Tuesday, January 09, 2007

U.S. Education Officials Question Diversity Standard

U.S. Education Officials Question Diversity Standard - Washington Post

The American Bar Association and its heavy-handed approach to diversity in law school will only insure that we get fewer Black lawyers. If the ABA wants concrete progress in increasing diversity in law classrooms they can start by accepting that prospective Blacks shun law school for reasons exacerbated by affirmative action.

The dreadful bar passage rate for Blacks, half that of Whites, followed by diminished success in the profession, are what causes capable Blacks to shy from the opportunity cost and expense of gaining a law degree. The 'plus-factor' points awarded in the admissions process simply do not carry through to graduation, bar passage, and successful law practice.

So why do Blacks under perform their peers when it comes to grades, graduation, and the bar? The top tier law schools poach a significant number of candidates, who should objectively attend second tier schools. These poached students, taken from schools that best match their abilities, struggle to keep up. The shifting of students does not stop here. Each of five tiers of schools is raided from above and poaches below, with an effect of shifting a large portion of the students from their center-of-competence.

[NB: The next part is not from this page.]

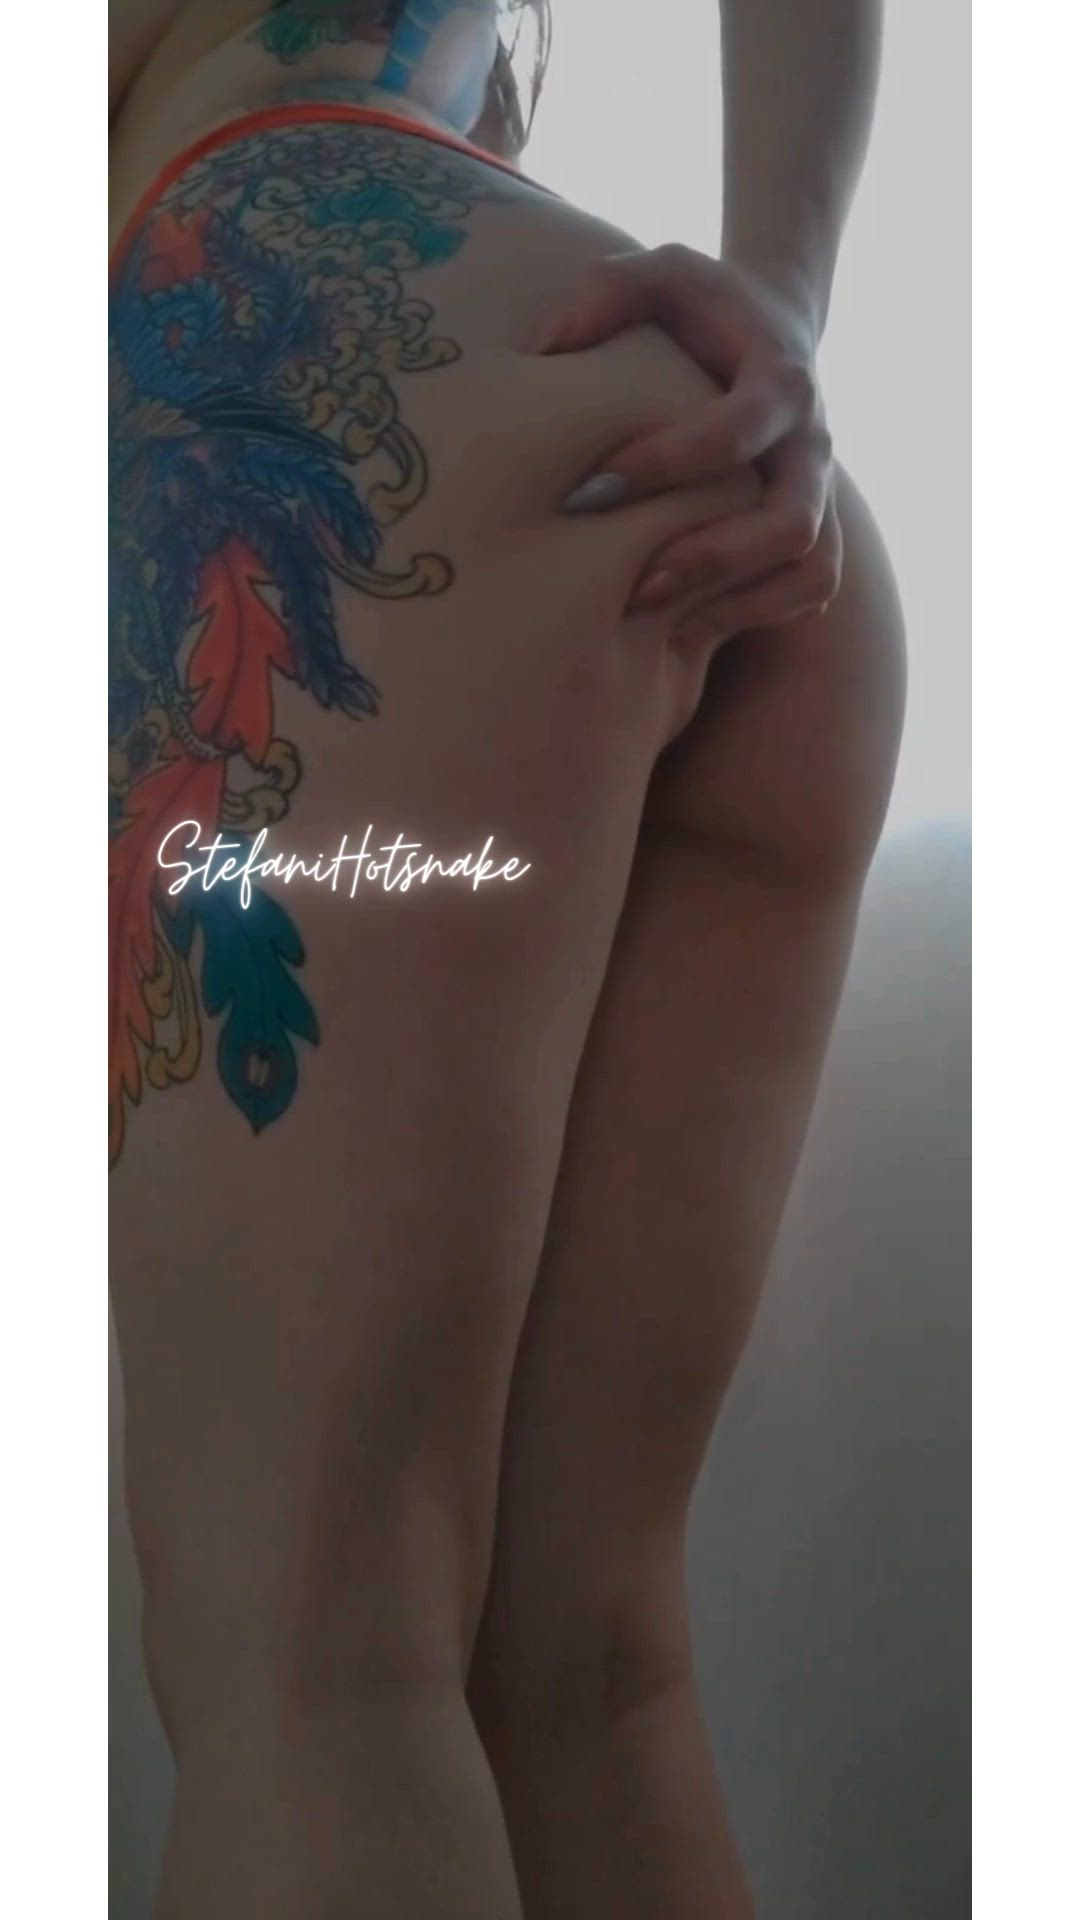 Ass porn video with onlyfans model Exclusivesnake <strong>@stefanihotsnake</strong>

Blacks student face the unfair burden of keeping up with accelerated classes, with their average grades placing them in the 10th percentile as the result. Such performance is not a recipe for career success and attracting greater numbers. Bar passage is higly correlated to grades not tier of school. And this is why admission committees are having an increasingly difficult time filling the seats of law schools with Blacks. By the way, other professional schools, along with higher education in general, face the same challenge.